# WHAT THE EXERCISE ASKS
The listing below should be written out word for word, with its pictures removed.

# INFORMATION SHOWN
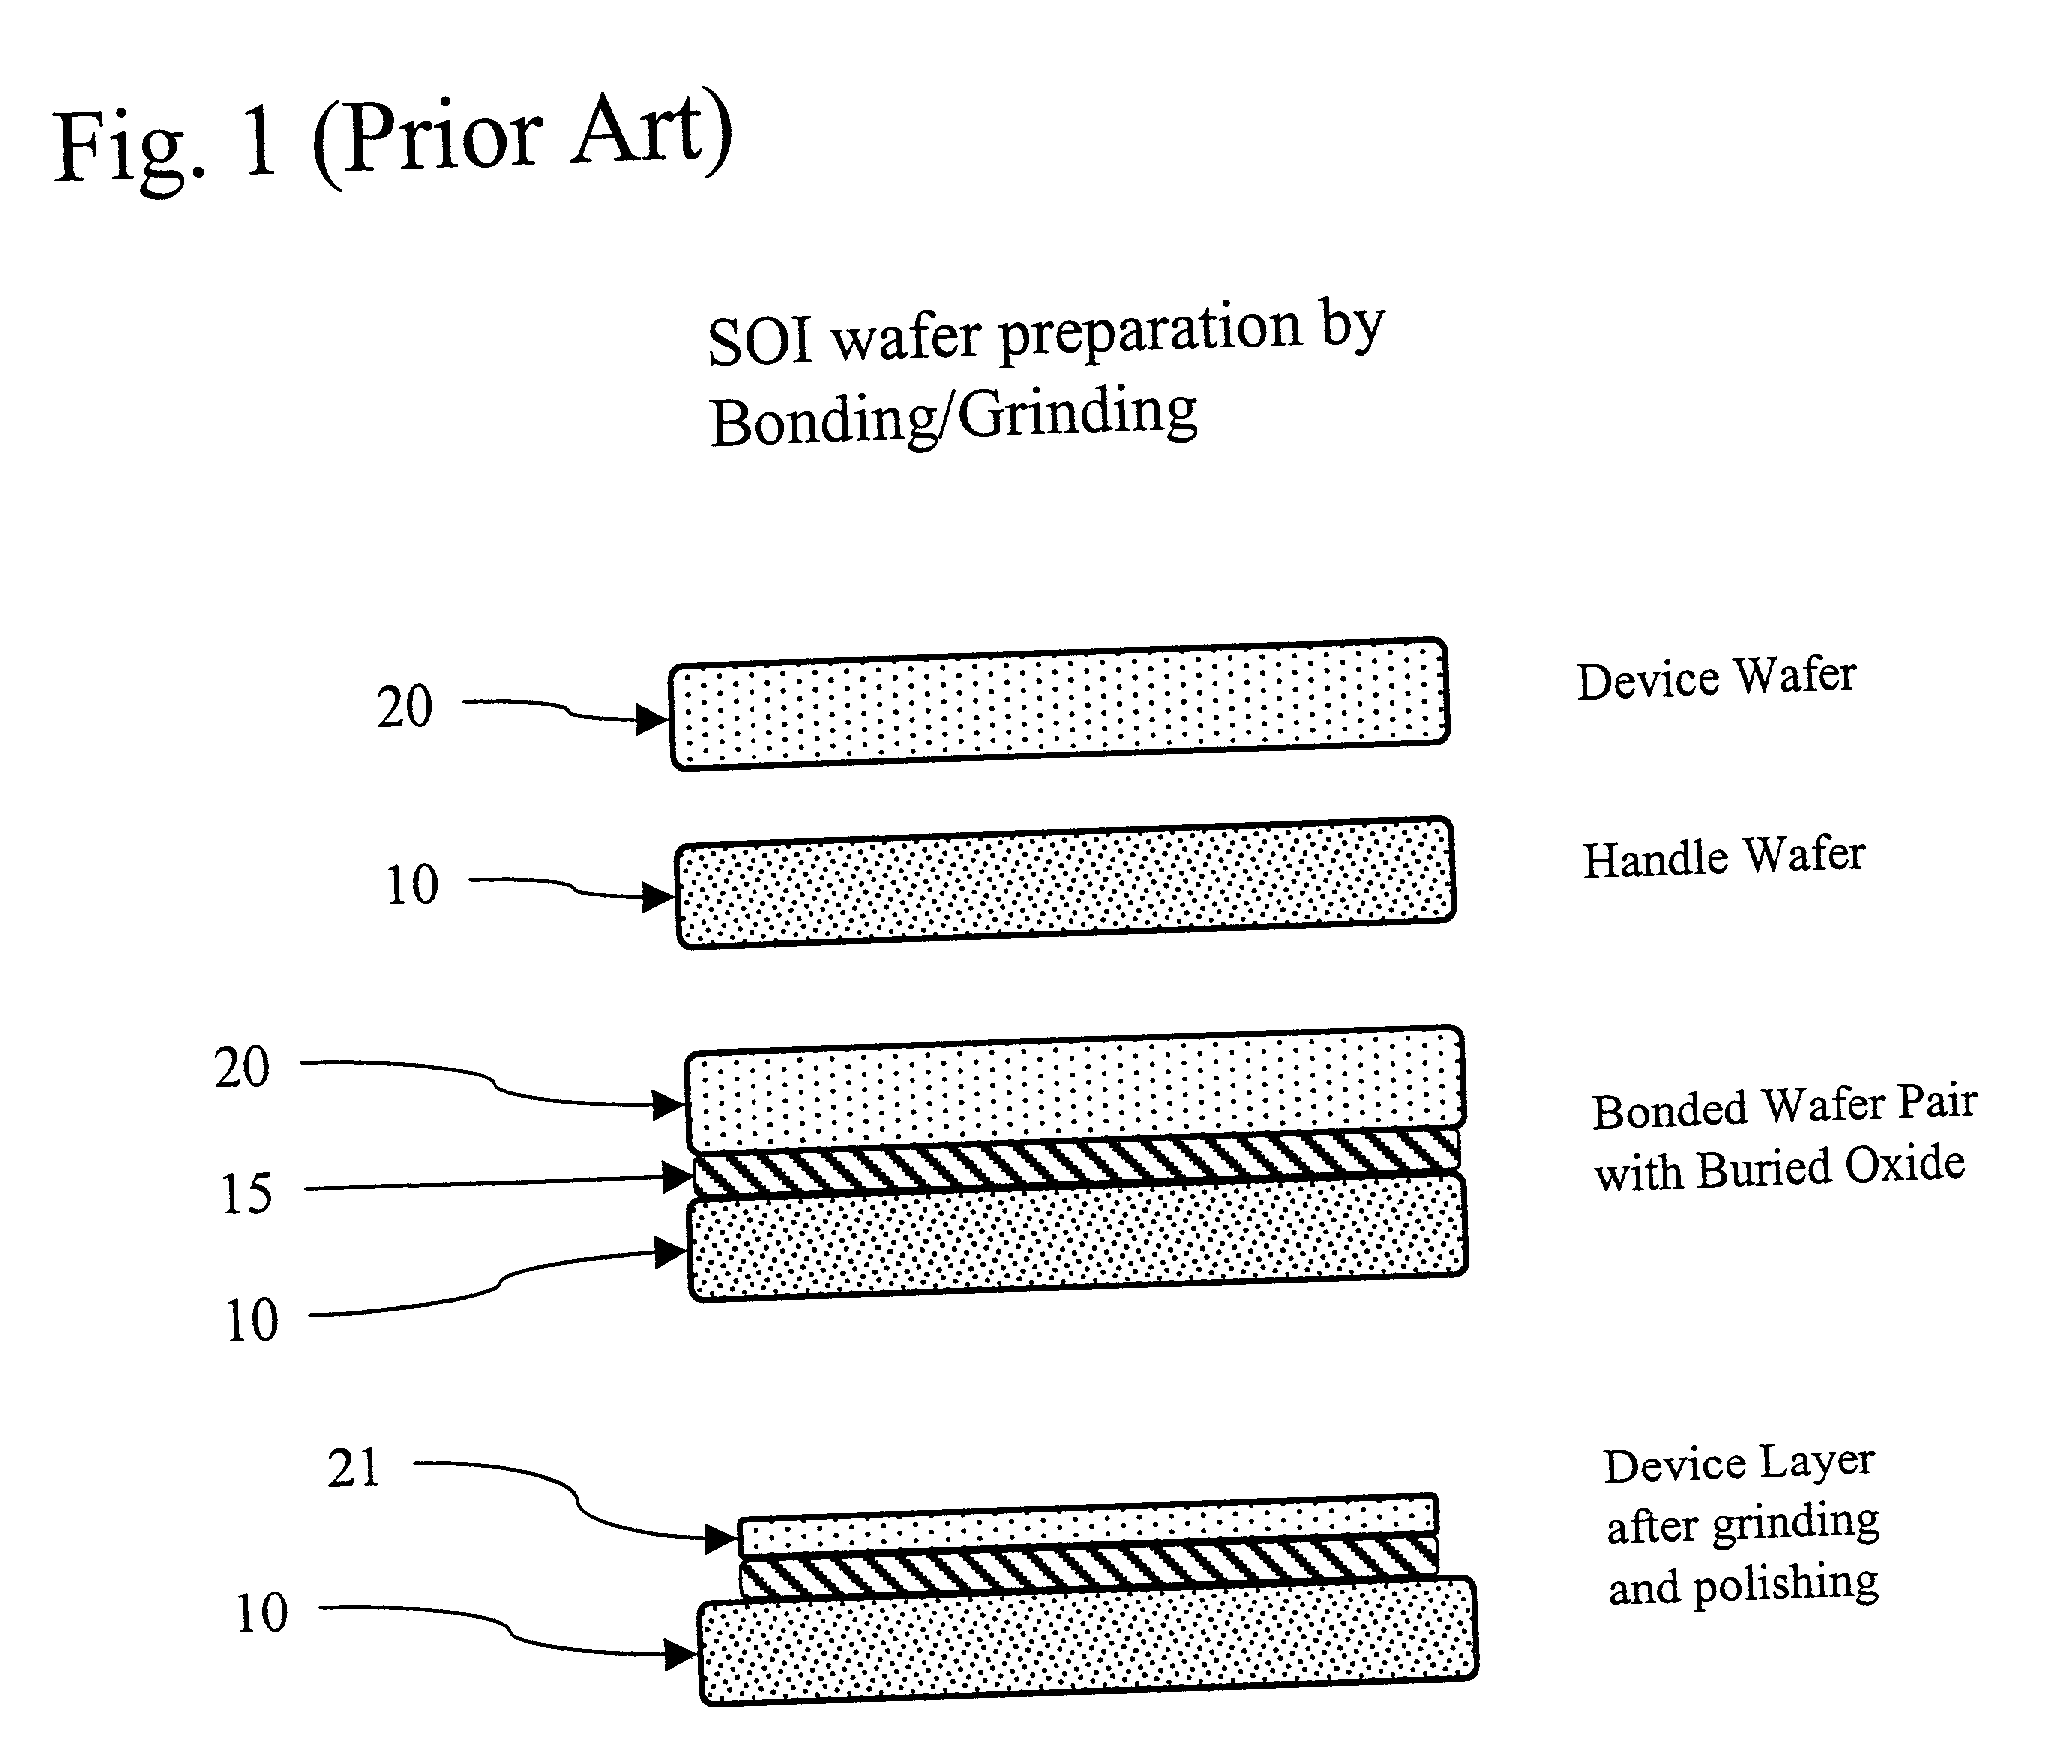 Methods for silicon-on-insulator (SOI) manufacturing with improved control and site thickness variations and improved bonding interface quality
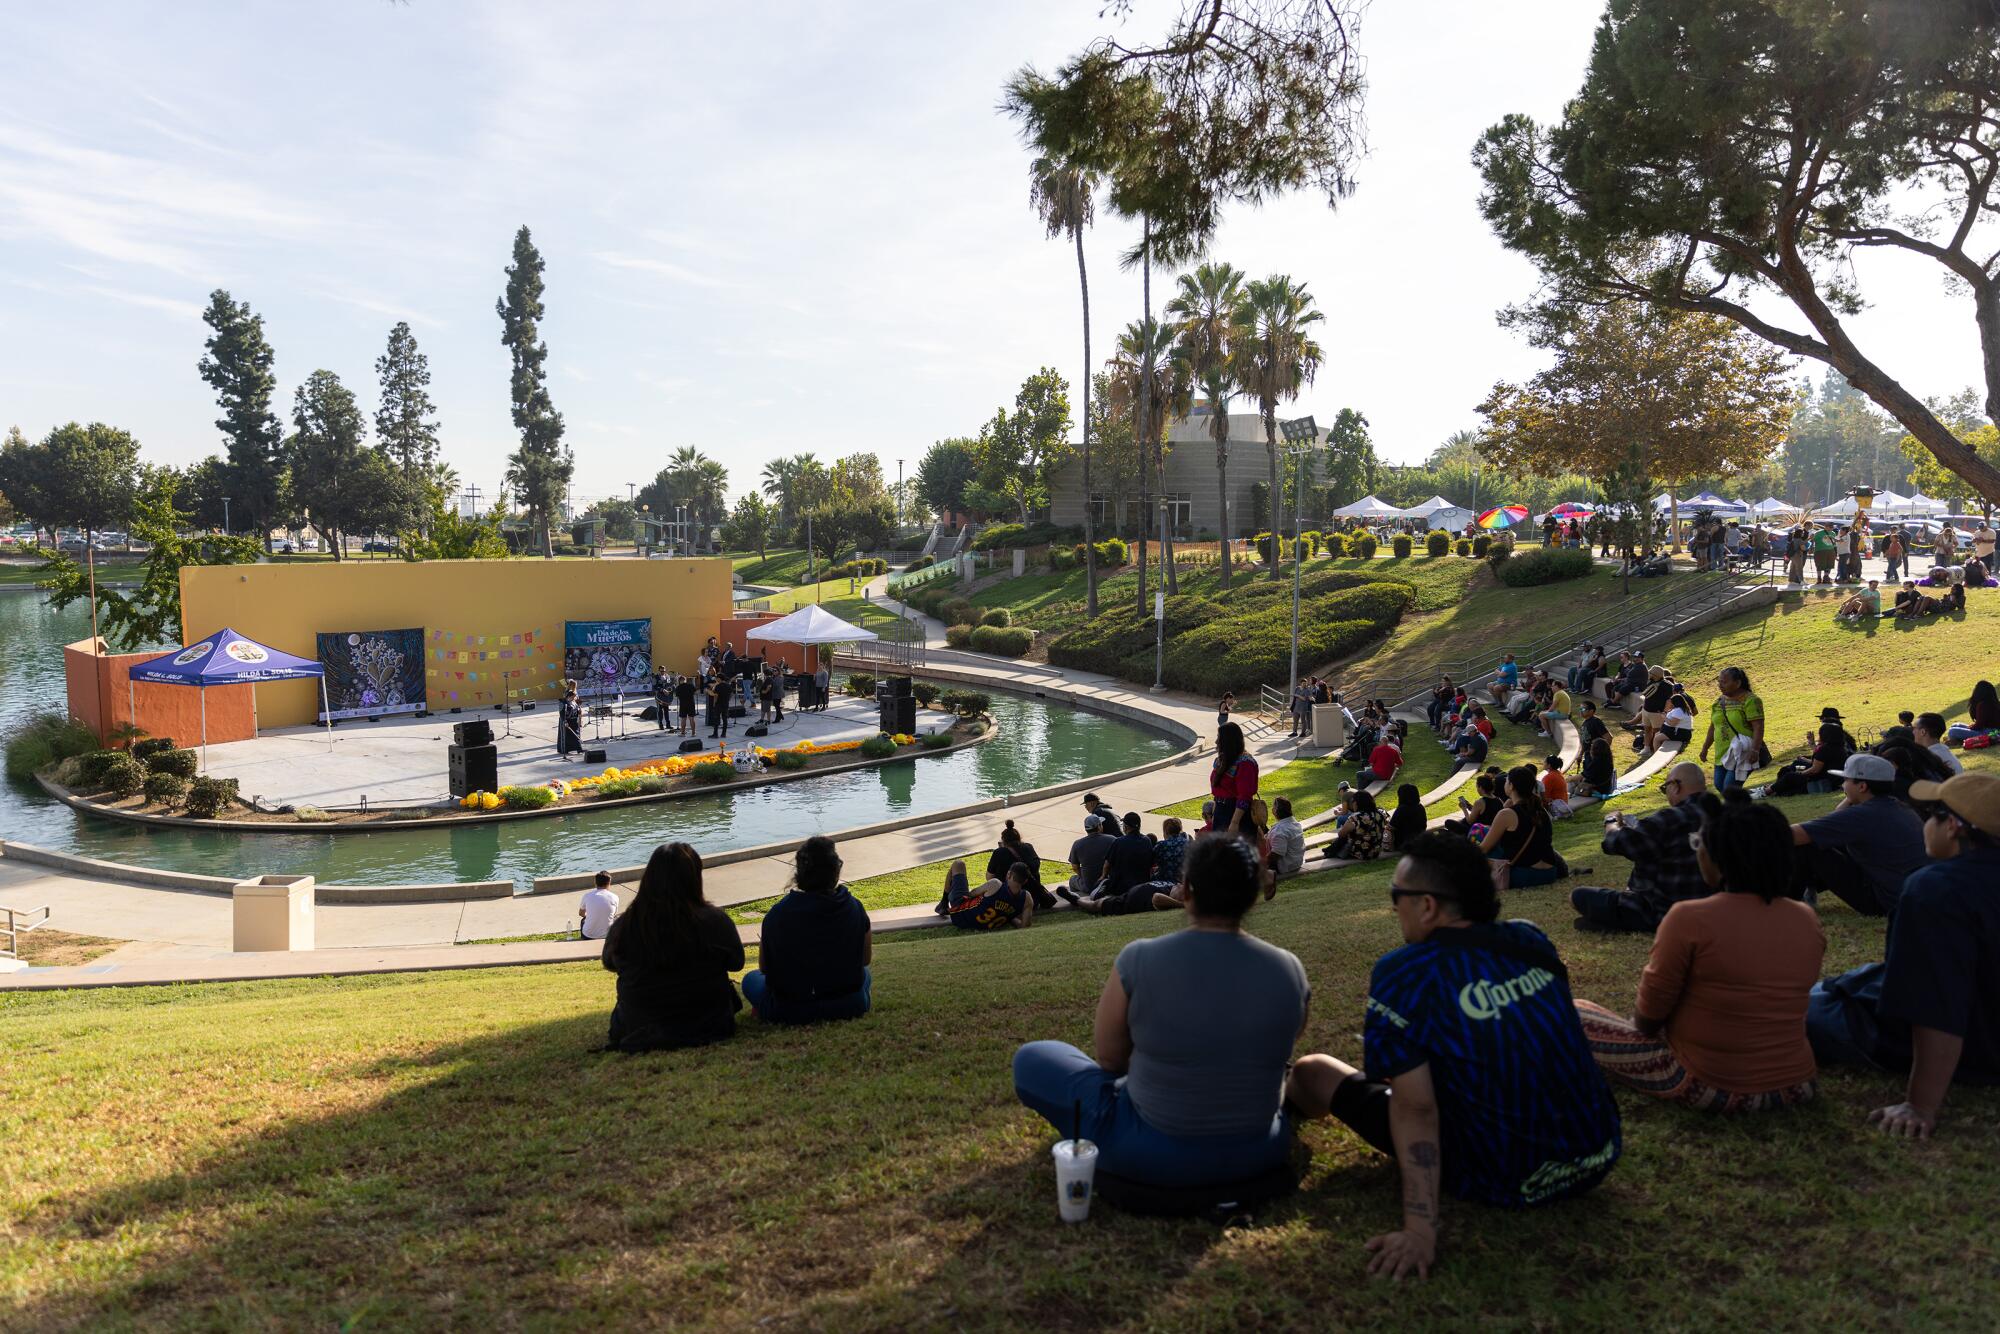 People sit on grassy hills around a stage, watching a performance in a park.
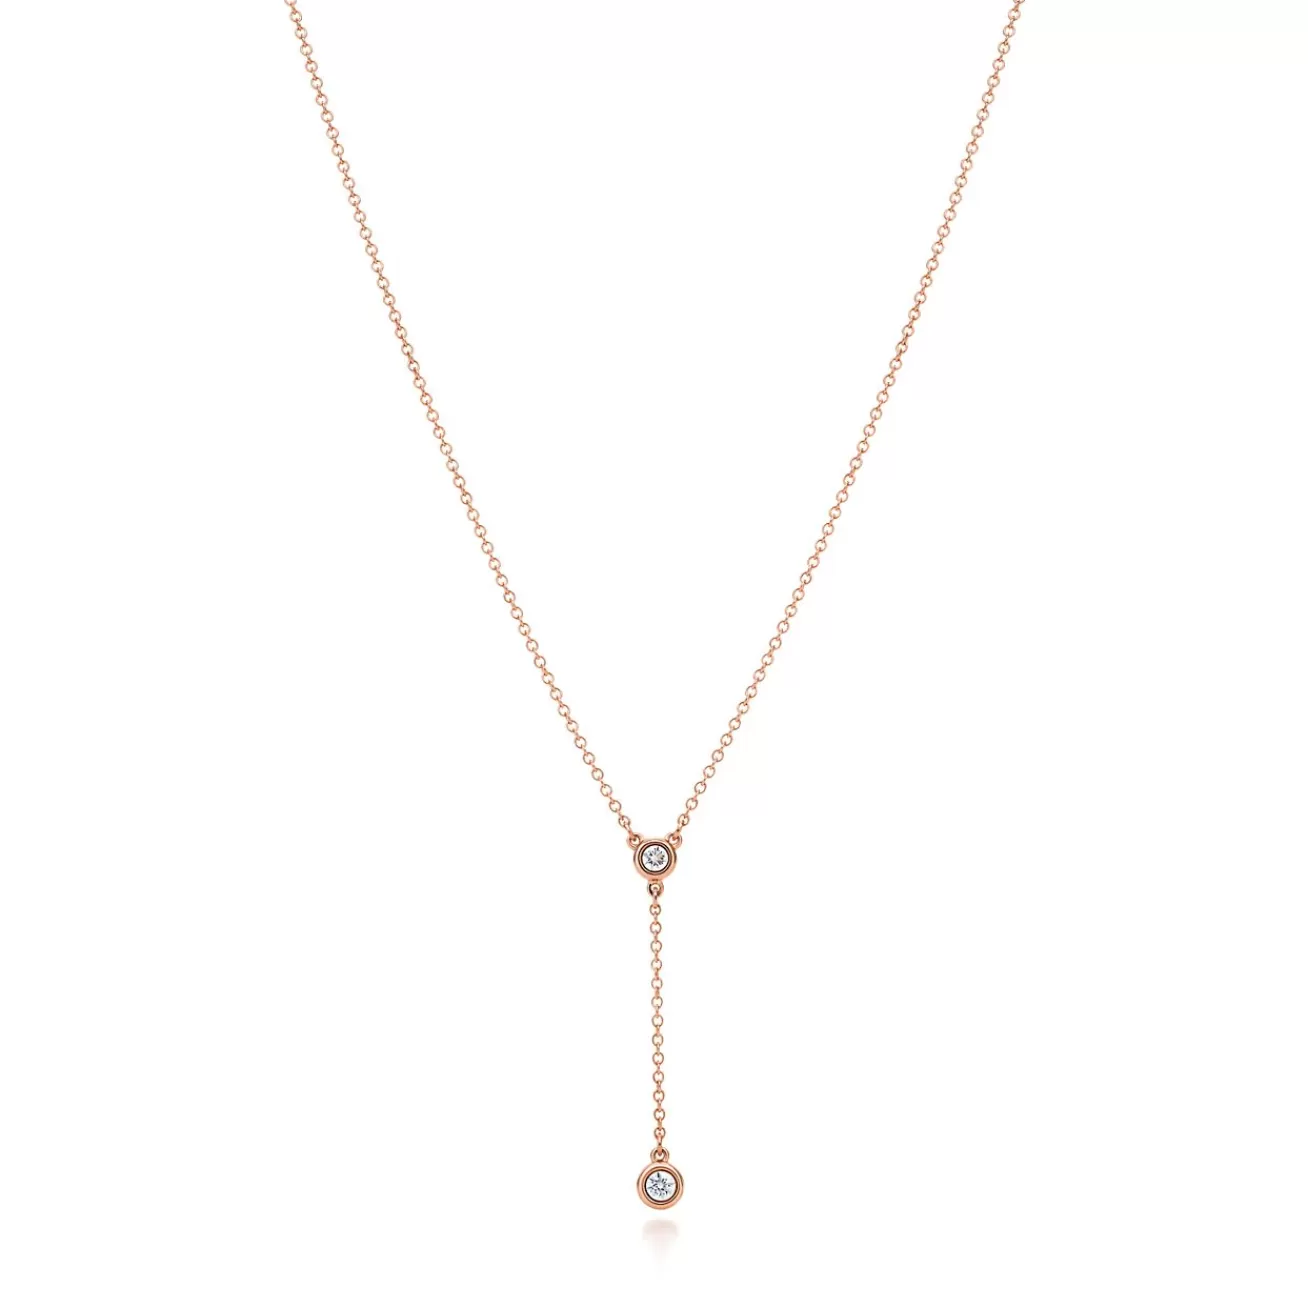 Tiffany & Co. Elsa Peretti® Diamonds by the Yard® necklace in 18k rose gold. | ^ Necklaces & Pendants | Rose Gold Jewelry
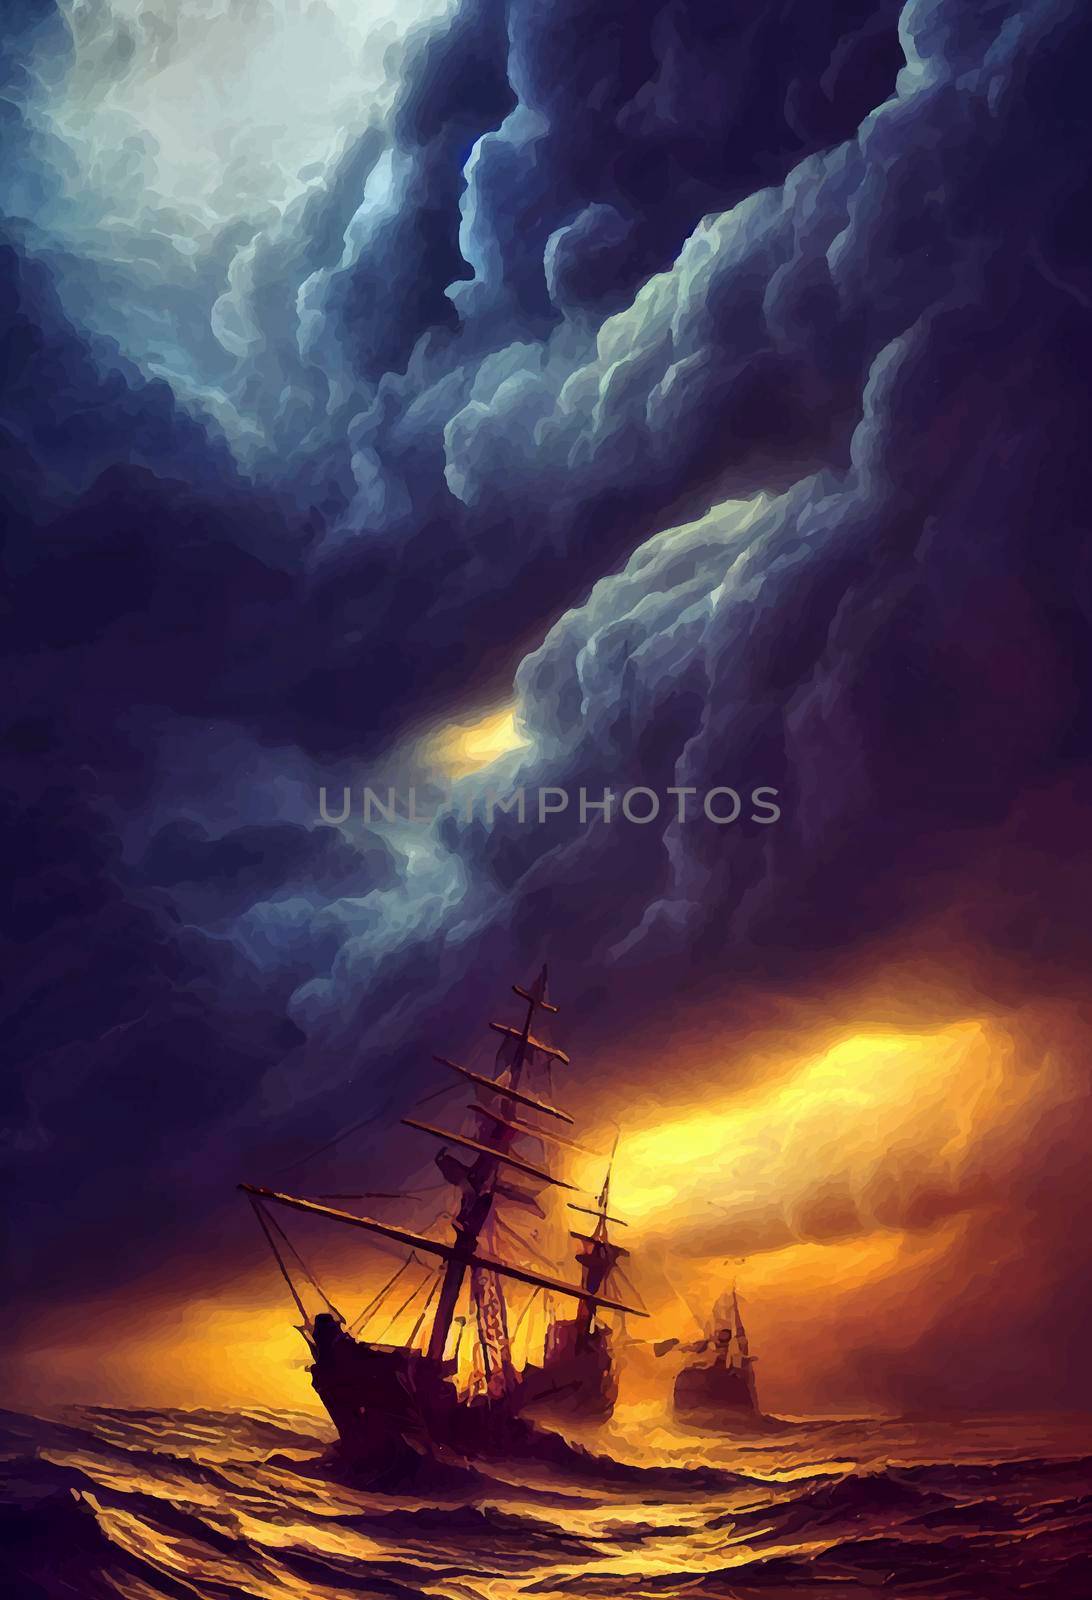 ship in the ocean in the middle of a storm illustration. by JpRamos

# TASK OUTPUT
 Methods for silicon-on-insulator (SOI) manufacturing with improved control and site thickness variations and improved bonding interface quality
 People sit on grassy hills around a stage, watching a performance in a park.
 Tiffany & Co. Elsa Peretti® Diamonds by the Yard® necklace in 18k rose gold. | ^ Necklaces & Pendants | Rose Gold Jewelry
 ship in the ocean in the middle of a storm illustration. by JpRamos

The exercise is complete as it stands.